Italian painter (1935–2013)

Agostino Bonalumi (10 July 1935 – 18 September 2013) was an Italian painter, draughtsman and sculptor.

== Biography ==
Bonalumi was born in Vimercate, Italy. He studied technical and mechanical drawing, and exhibited his first works at the "Premio Nazionale Città di Vimercate" (hors concours) in 1948, when he was just 13 years old.

He held his first solo show at the Galleria Totti, Milan, in 1956. In 1958 he began working with Enrico Castellani and Piero Manzoni, holding a group exhibition at the Galleria Pater, Milan, which was followed by further shows in Rome, Milan and Lausanne, the foundation of Azimuth magazine and his participation in exhibitions at the Azimut gallery.

He started developing the idea of what he would call "pittura – oggetto" (painting-object), following the idea to go beyond the canvas started by their mentor Lucio Fontana.
In 1959 he held his first solo show outside Italy in Rotterdam. In 1960 he was one of the founders of the international Nouvelle École Européenne (NEE) movement in Lausanne and his solo exhibition "Agostino Bonalumi. Recent Paintings, Sculptures and Drawings" opened at the New Vision Centre Gallery in London.

Arturo Schwarz began collecting his works and, in February 1965, organised a Bonalumi exhibition in his gallery in Milan.

He had strong links with the German art scene, thanks to the interest of Udo Kultermann in his work (since 1960) and his collaboration with the Galerie M.E. Thelen in Essen.

He also had assiduous contacts and links with the international Zero movement (both in the Netherlands and Germany), documented by major exhibitions such as "Zero" in London, 1964, and the touring exhibition "ZERO Avantgarde", which began in Lucio Fontana's studio in Milan in 1965.
1965 marked the start of a long period of collaboration with Renato Cardazzo, director of the Galleria del Cavallino in Venice and the Galleria del Naviglio in Milan. He was Bonalumi's sole agent for many years and, in 1973, supervised the publication of a lengthy monograph on the artist by Edizioni del Naviglio, written by Gillo Dorfles.

In 1966 he was invited to take part in the 33rd Venice Biennale, where he exhibited a selection of his works in the same room as Paolo Scheggi, while in 1970 he had his own personal room at the 35th Venice Biennale (and a feature written on him in the catalogue by Luciano Caramel), in which he also installed some large environmental sculptures.

In 1967 he was invited to the São Paulo Biennial and the Biennial of Young Artists in Paris.
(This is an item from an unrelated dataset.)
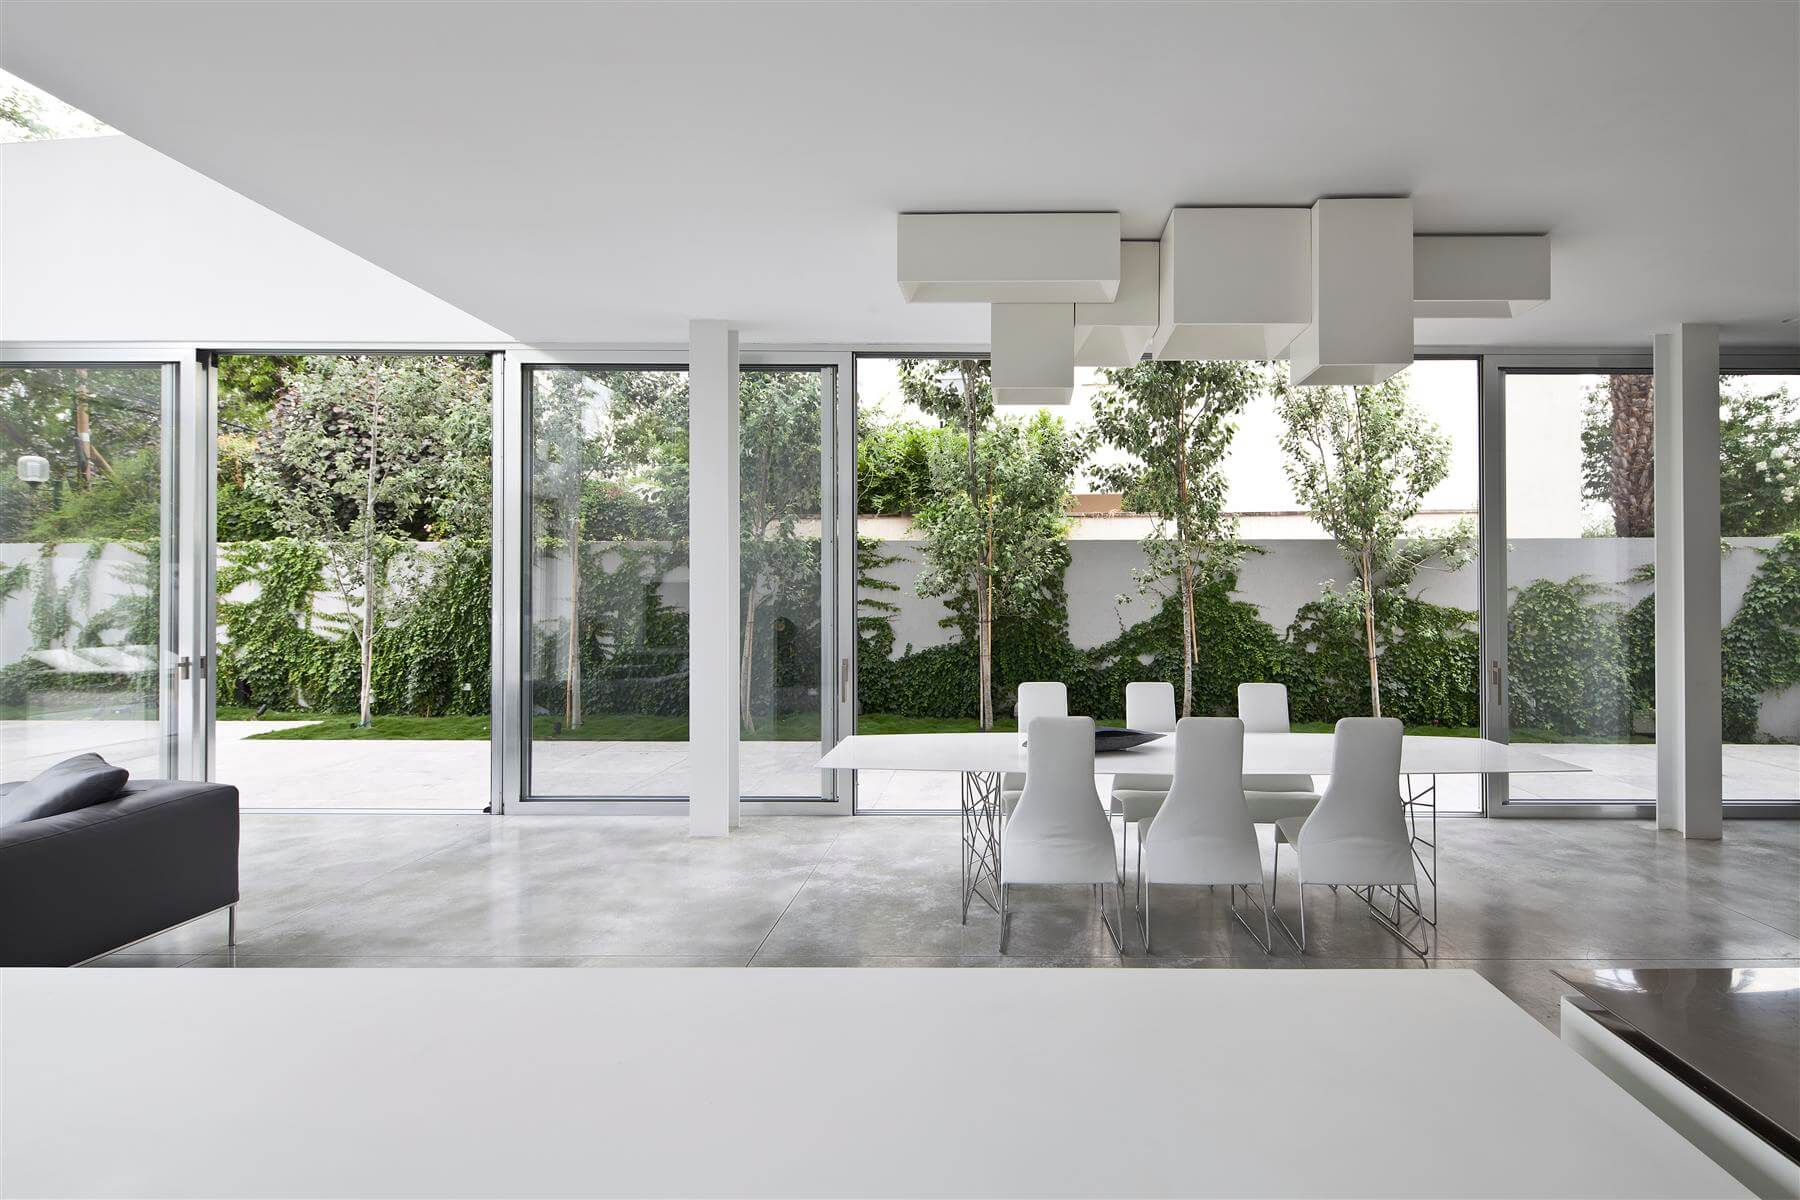 The Concrete Cut House in Ramat Gan by Pitsou Kedem Architects-02

This was followed by a period of study and work in northern Africa and America, where he lived for a while in New York. It was here that he held his first solo show in the United States: "Agostino Bonalumi. Painting–Constructions", presented at the Galeria Bonino in 1967.

During this period, Bonalumi embarked on his own particular course of painting and environmental sculpture, which unfolded over the decades in some fundamental stages: in 1967, Blu abitabile (Inhabitable Blue) created for "Lo spazio dell’immagine" exhibition in Foligno (and exhibited again in 1970 in the "Vitalità del negativo" show in Rome); in 1968, Grande Nero (Big Black) at the Museum am Ostwall in Dortmund; in 1979, as part of the "Pittura Ambiente" exhibition curated by Francesca Alinovi and Renato Barilli in the Palazzo Reale in Milan, Dal giallo al bianco e dal bianco al giallo (From Yellow to White and from White to Yellow). More recently, Ambiente bianco – Spazio trattenuto e spazio invaso (White Environment – Detained Space and Invaded Space), created in 2002 for the Peggy Guggenheim Collection in Venice as part of the "Temi e Variazioni" project conceived and curated by Luca Massimo Barbero.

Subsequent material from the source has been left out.